Russia’s relations with the West have not improved since then, as Moscow has backed rebels in eastern Ukraine, played a central part in supporting the government in Syria’s civil war, interfered in other countries’ elections, and been accused of using a nerve agent in an assassination attempt on British soil.

But Paul has softened his take on Russia, adopting the position taken by a president he once savaged.
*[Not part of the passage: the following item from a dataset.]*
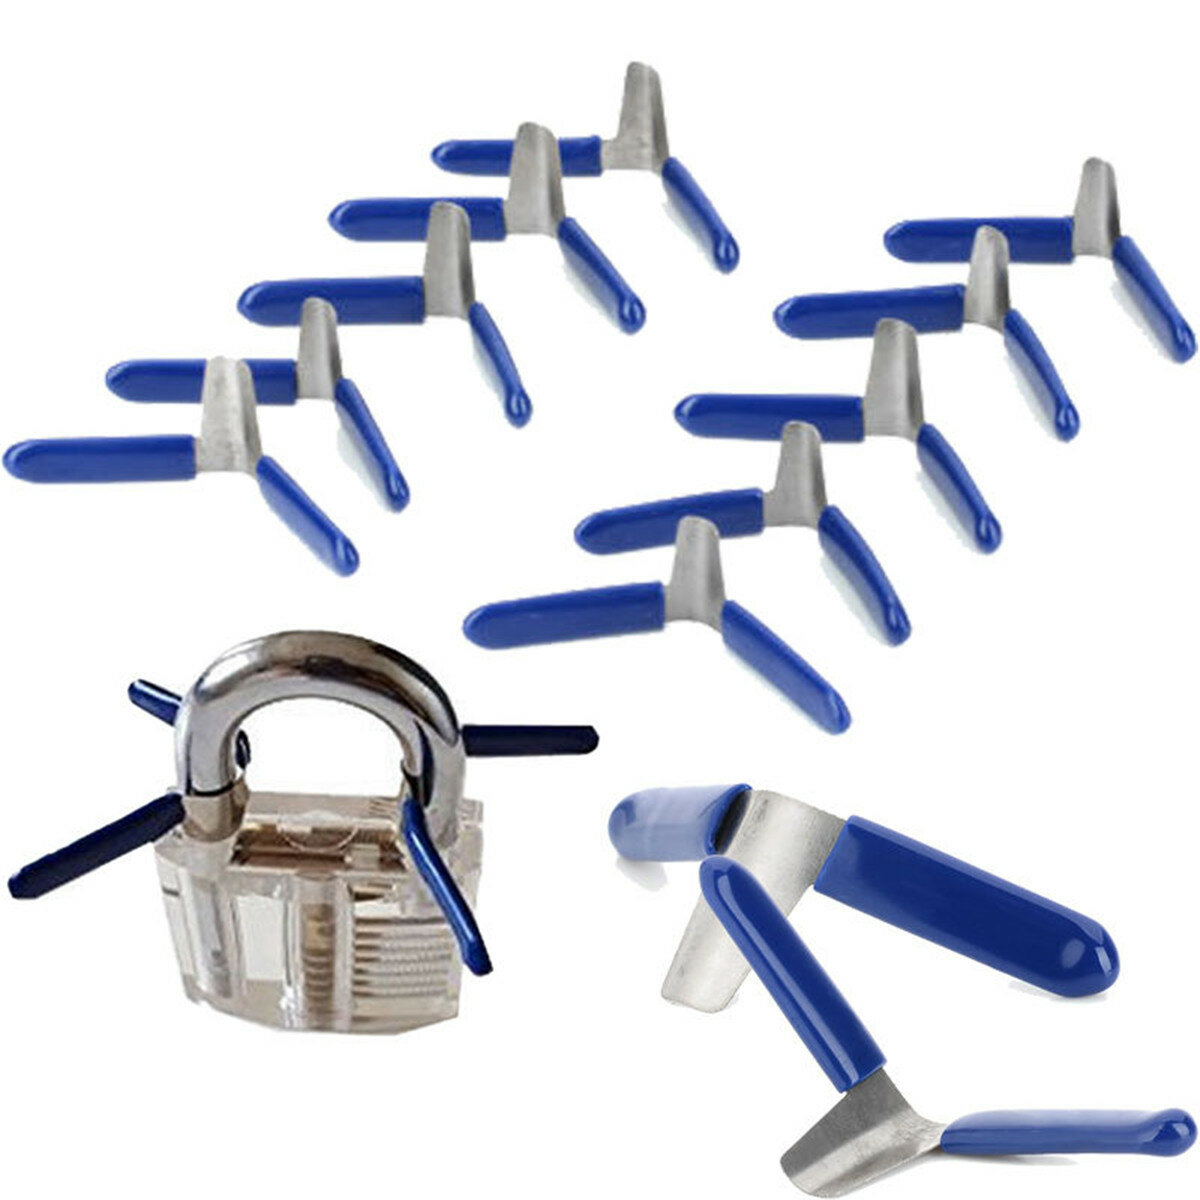 10 stks hangslot shim picks set lock pick lockpicking opener accessoires tool gemakkelijk

In 2017, he was among the few senators who opposed imposing new sanctions on Moscow.

And while other lawmakers may be incensed by Russia’s meddling in American elections, Paul has suggested that the United States has done the same thing.

“Russia shouldn’t meddle in our elections,” he wrote on Twitter last month. He added: “U.S. shouldn’t do it either. We also should remain rational and not risk war by yelling war crime.”

The trip was the second high-profile visit by a U.S. delegation to Russia within several weeks. Eight Republican lawmakers visited Moscow before the summit meeting in Helsinki, between Trump and President Vladimir Putin of Russia in July. The Russian news media depicted the senators’ overtures as evidence that relations between the two countries were moving in Russia’s favor.

Trump’s performance at the meeting was viewed even less kindly. But that has not stopped the president from pushing ahead with his campaign to warm relations: Just days after he returned, Trump said he planned to invite Putin to Washington.